━━━━━ RECORD EXTRACTS

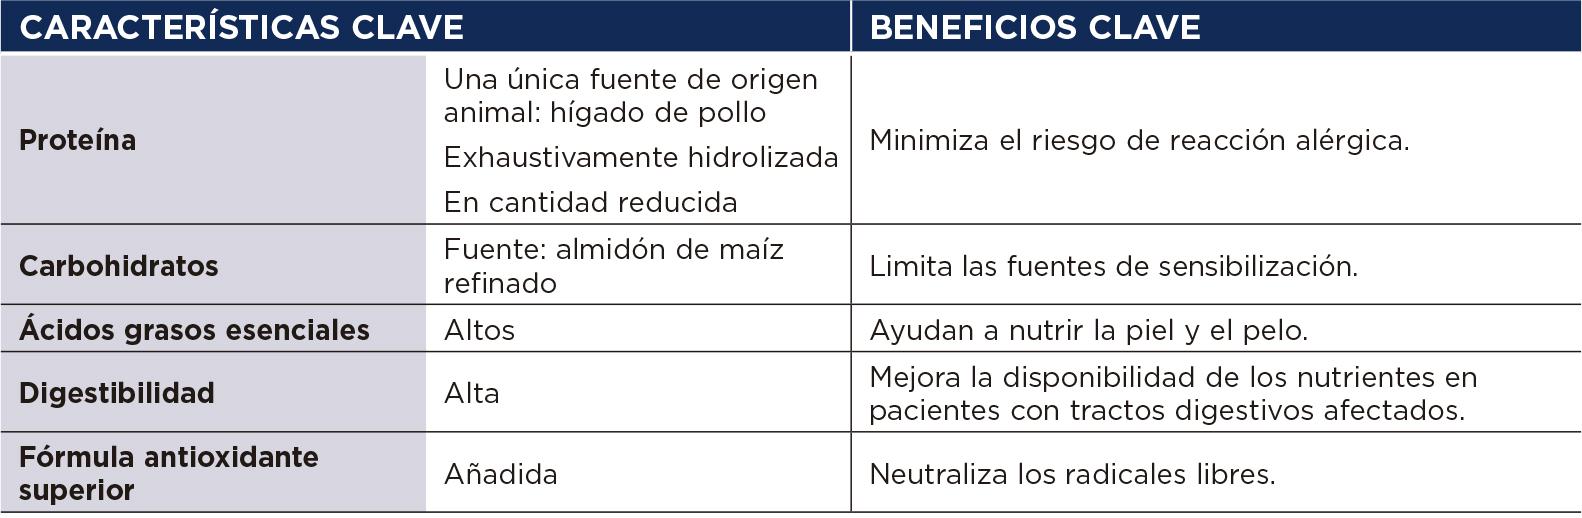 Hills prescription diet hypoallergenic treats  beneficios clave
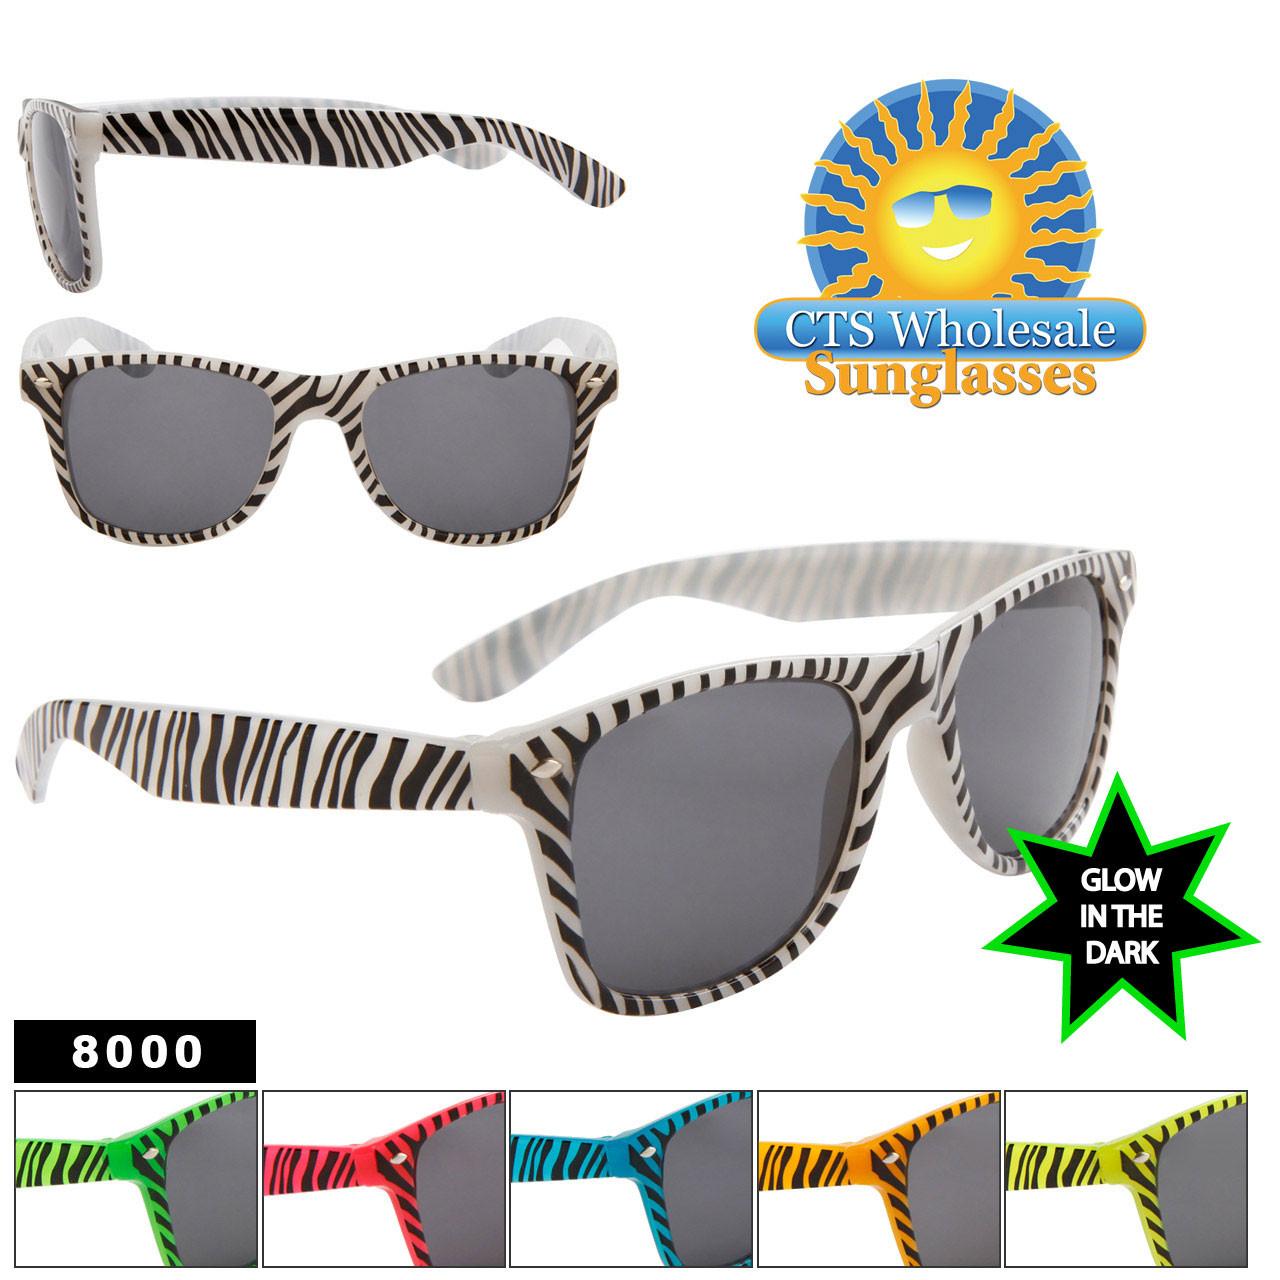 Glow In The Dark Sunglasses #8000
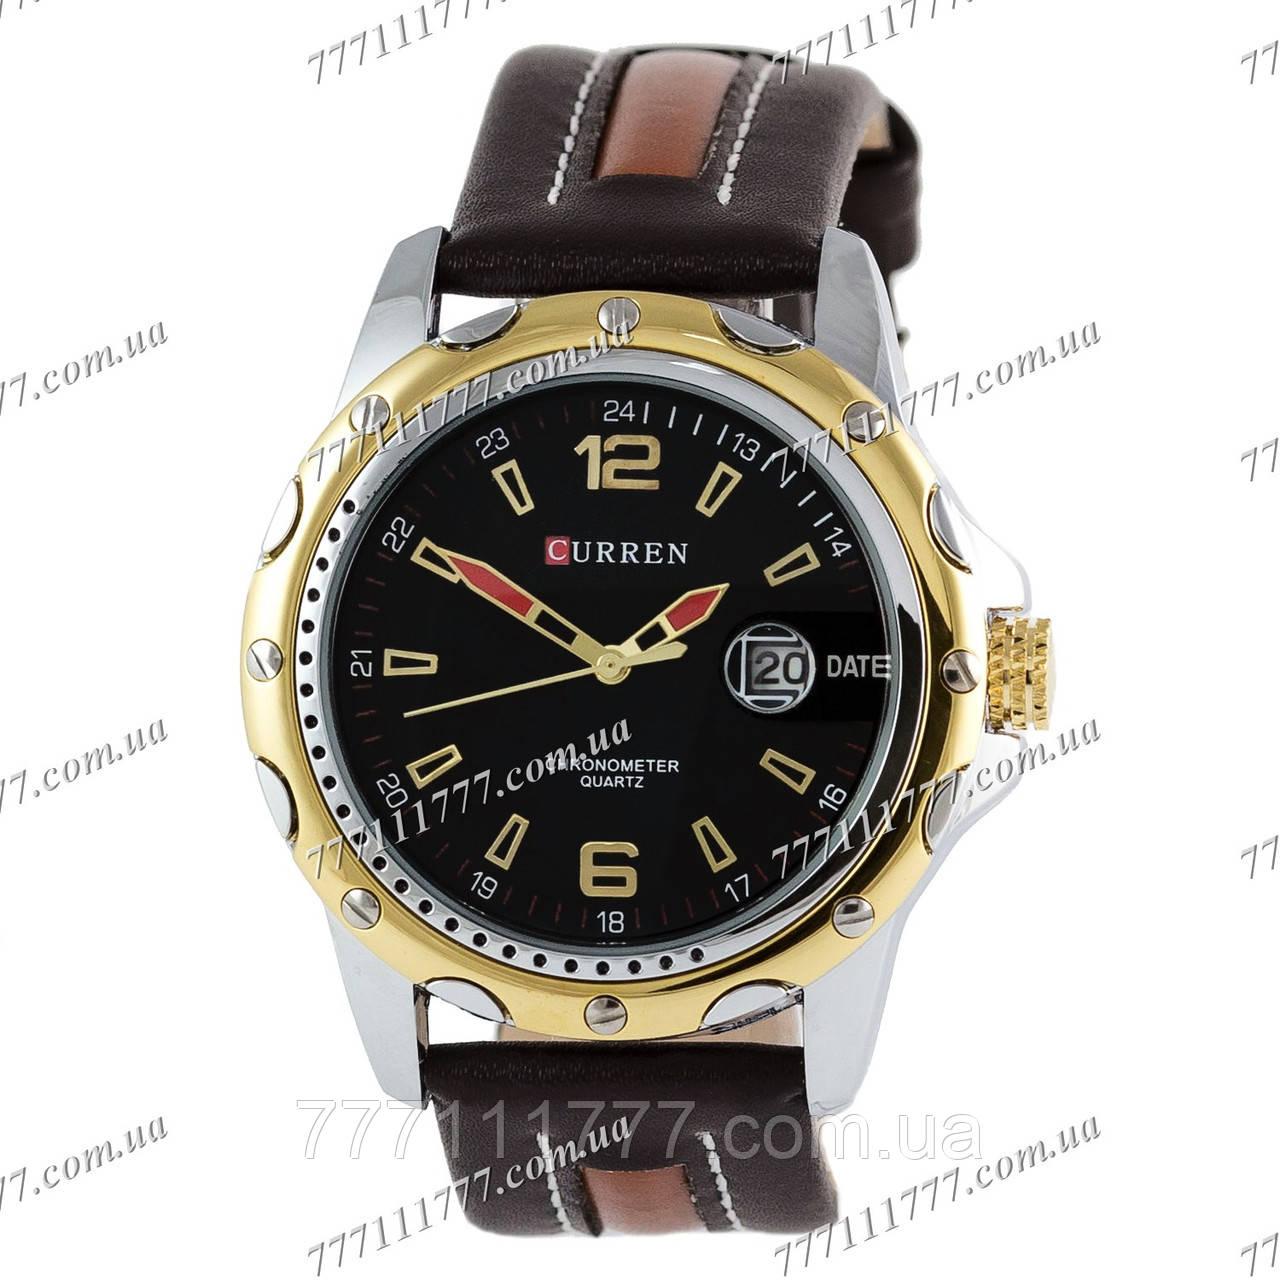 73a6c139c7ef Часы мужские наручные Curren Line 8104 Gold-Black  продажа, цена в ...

━━━━━━━━━━
━━━━━ RECORD EXTRACTS

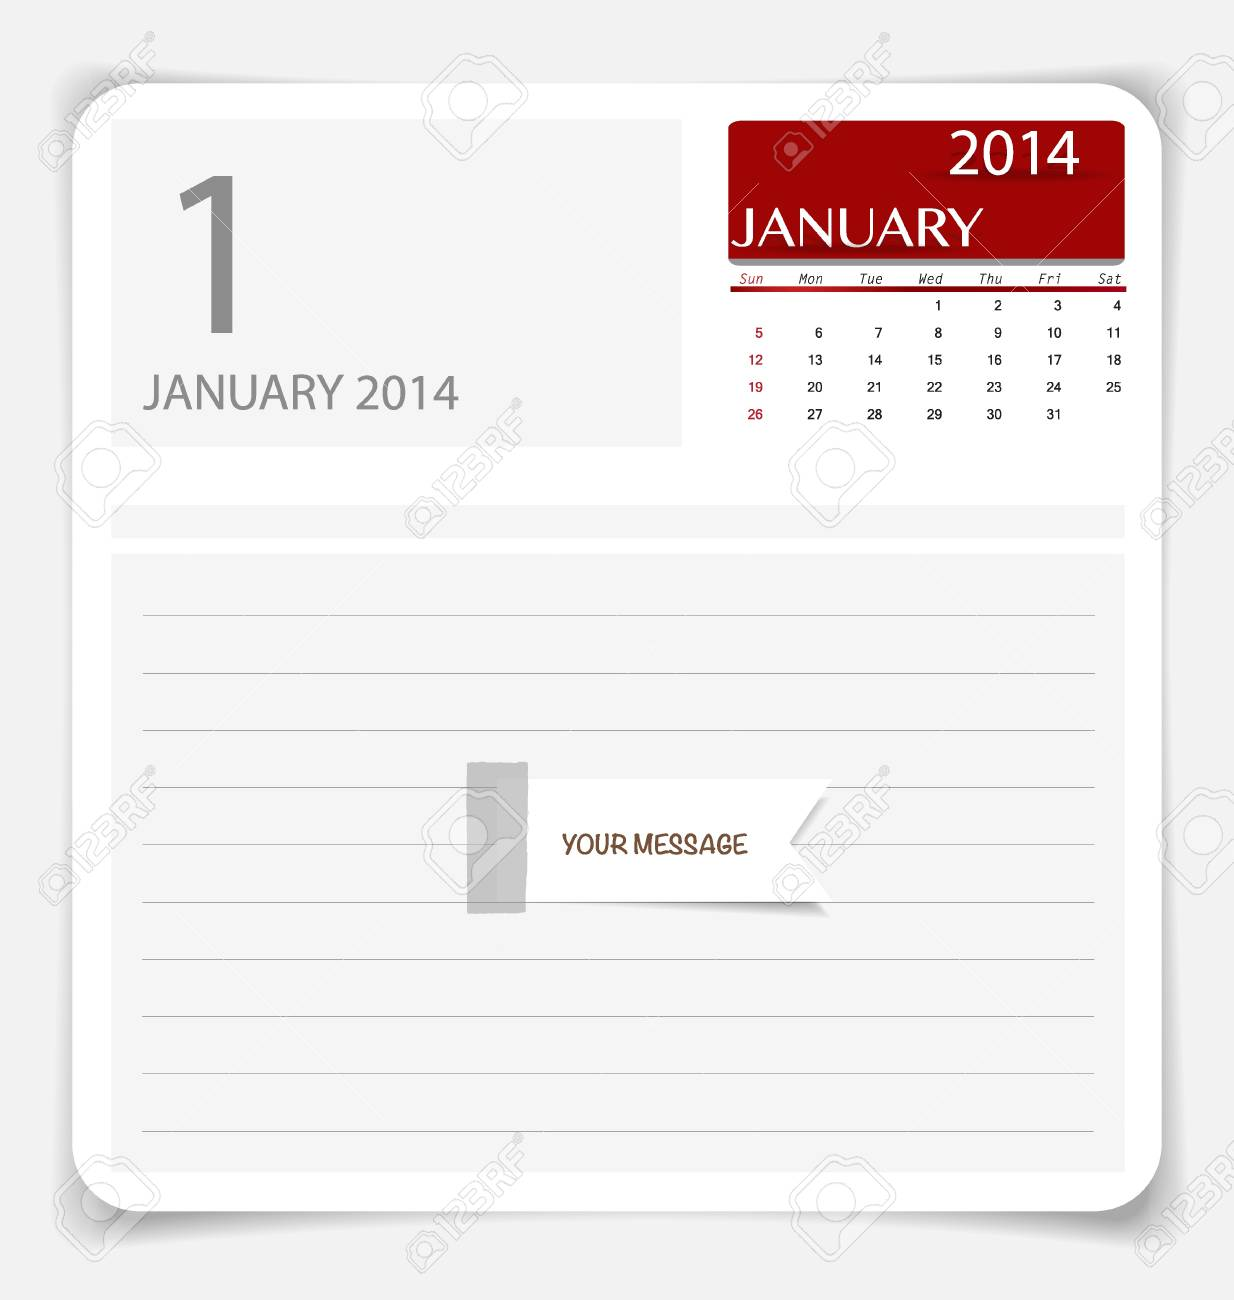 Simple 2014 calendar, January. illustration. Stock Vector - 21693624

━━━━━━━━━━

> WORK TO COMPLETE: Copy exactly the part of the material above that opens with the line containing "Glow In The Dark Sunglasses #8000" and closes with the line containing "73a6c139c7ef Часы мужские", ends included. Drop the images.

> WRITTEN ANSWER:
 Glow In The Dark Sunglasses #8000
 73a6c139c7ef Часы мужские наручные Curren Line 8104 Gold-Black  продажа, цена в ...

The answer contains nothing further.